__EXERCISE BRIEF__. If a line below falls between the line with "landfill leachate treatment" and the line with "Technik & Instrumente Bild", or is one of those two, output it exactly; output nothing else and no pictures.

__EXERCISE DATA__.
-------

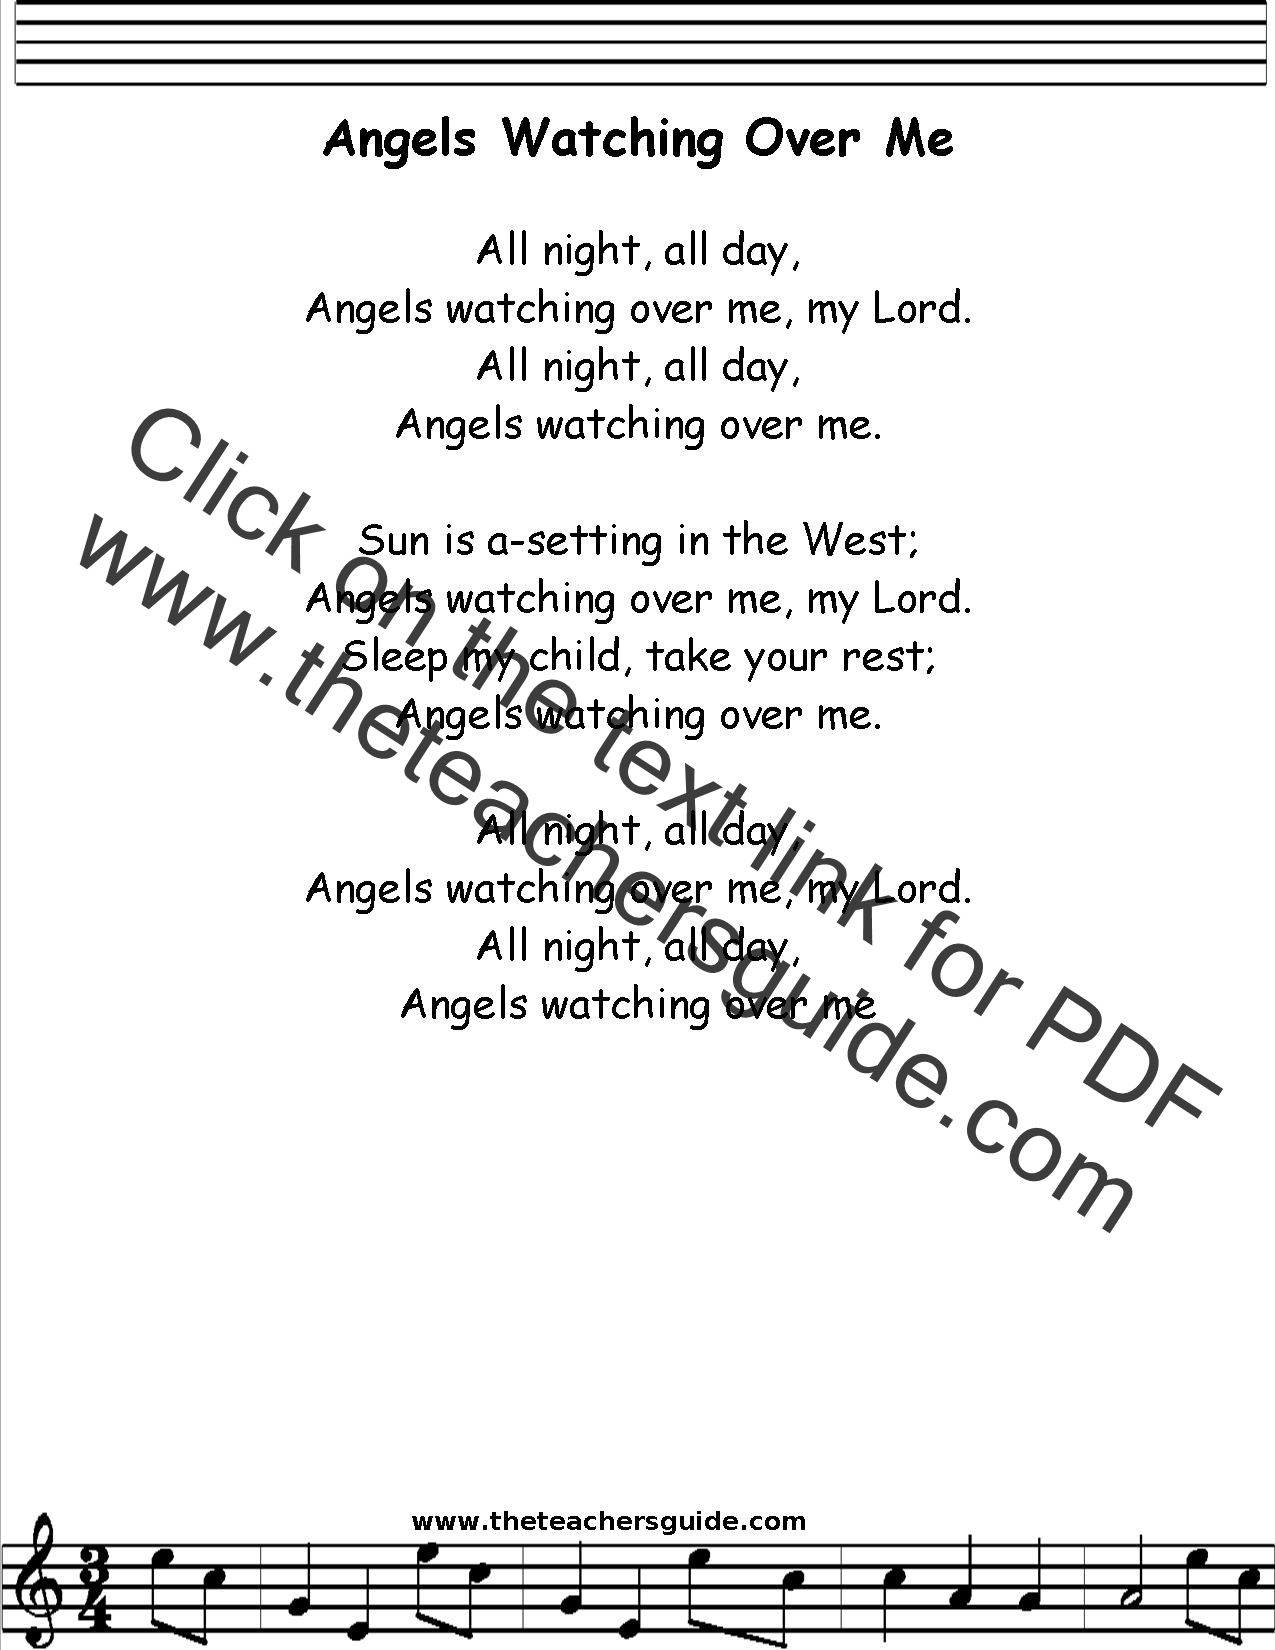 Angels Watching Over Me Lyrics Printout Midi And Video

-------

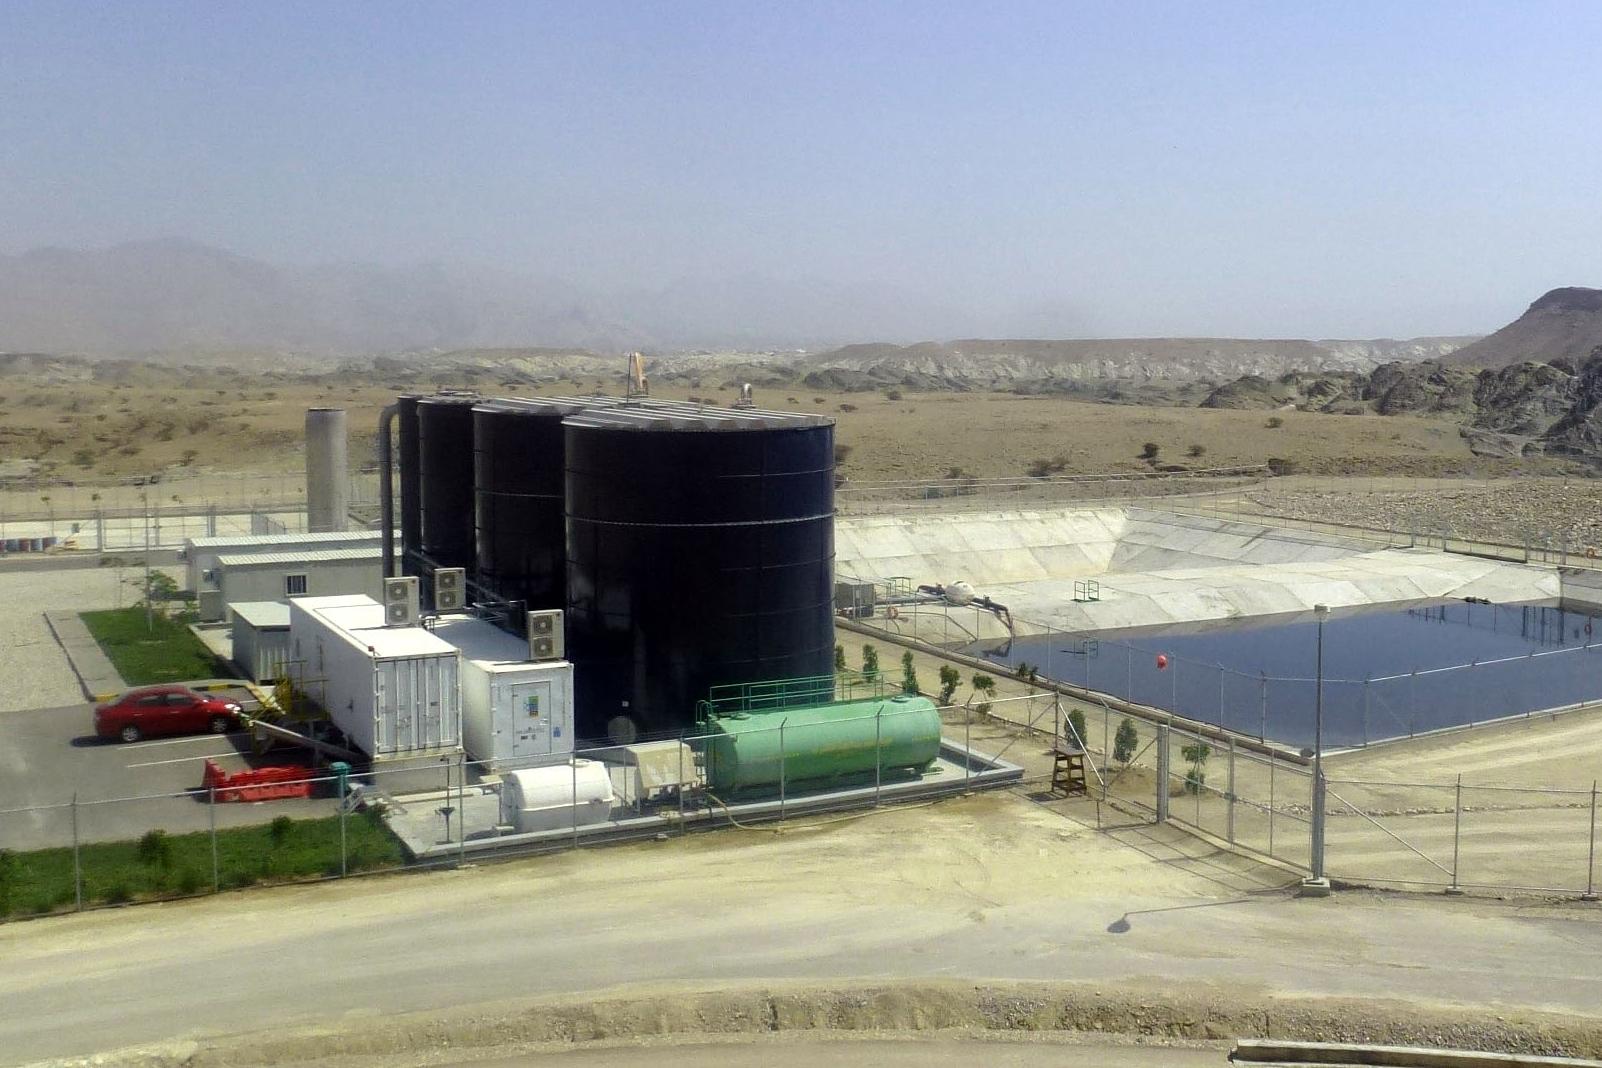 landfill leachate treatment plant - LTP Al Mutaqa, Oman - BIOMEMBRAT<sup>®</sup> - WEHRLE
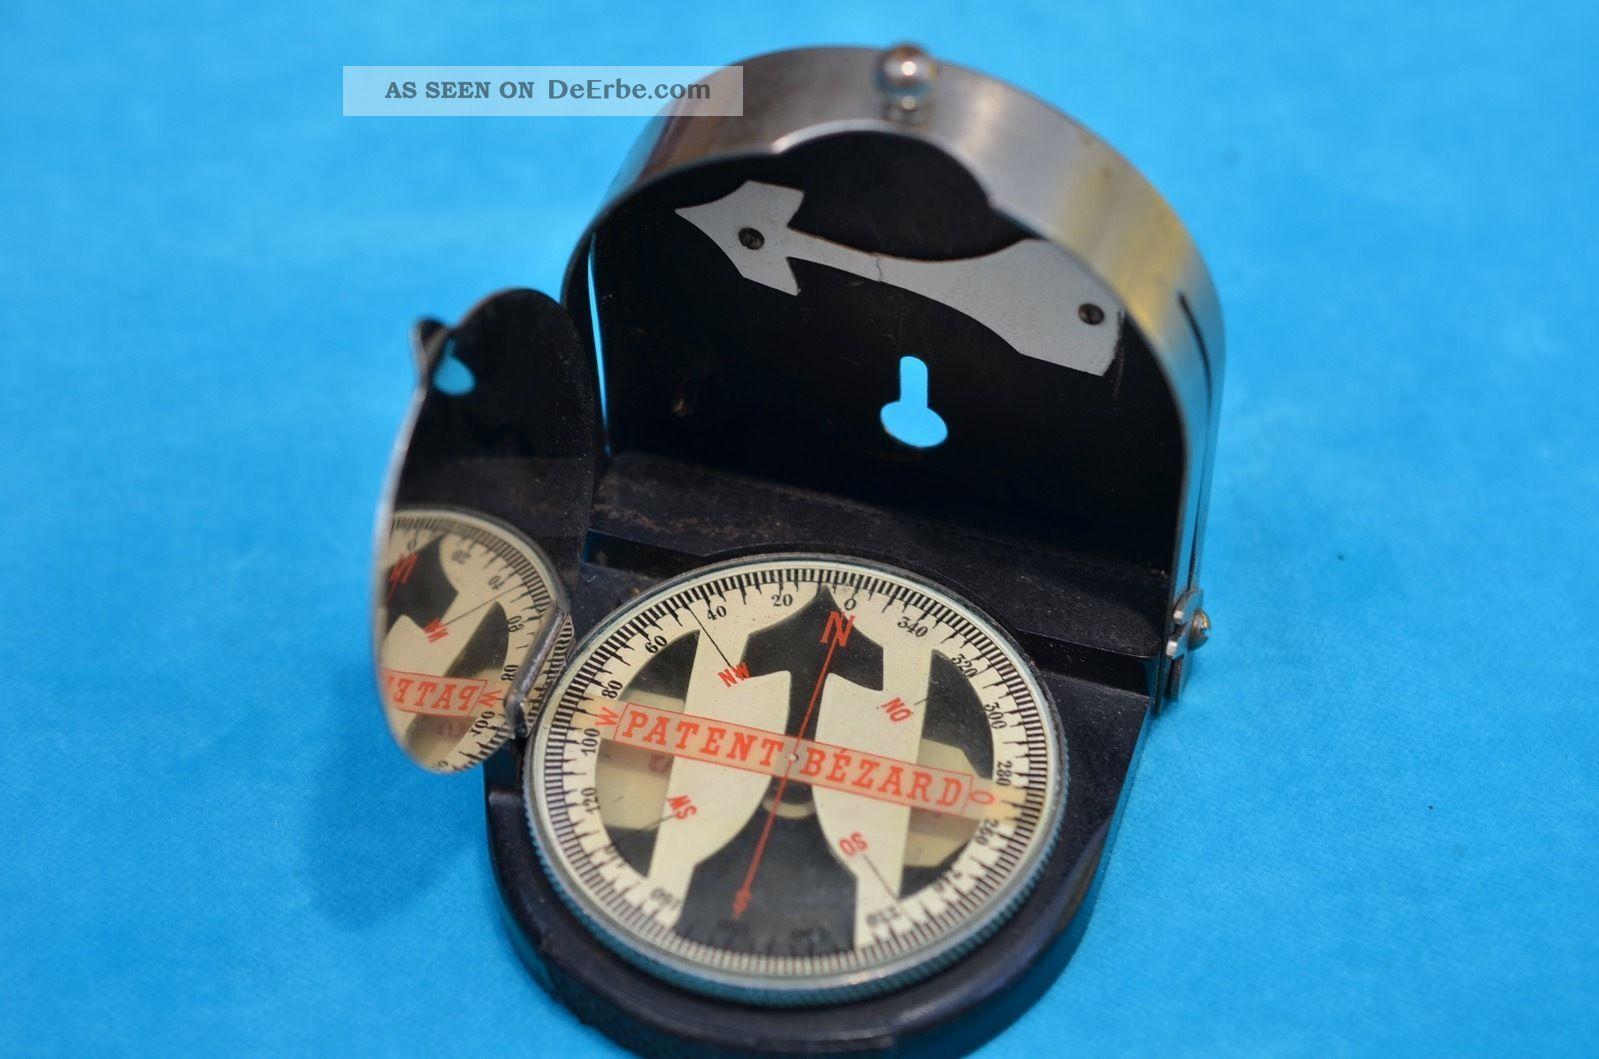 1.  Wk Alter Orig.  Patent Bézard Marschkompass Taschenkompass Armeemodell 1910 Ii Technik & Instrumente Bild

-------

__PROBLEM SOLUTION__.
 landfill leachate treatment plant - LTP Al Mutaqa, Oman - BIOMEMBRAT<sup>®</sup> - WEHRLE
 1.  Wk Alter Orig.  Patent Bézard Marschkompass Taschenkompass Armeemodell 1910 Ii Technik & Instrumente Bild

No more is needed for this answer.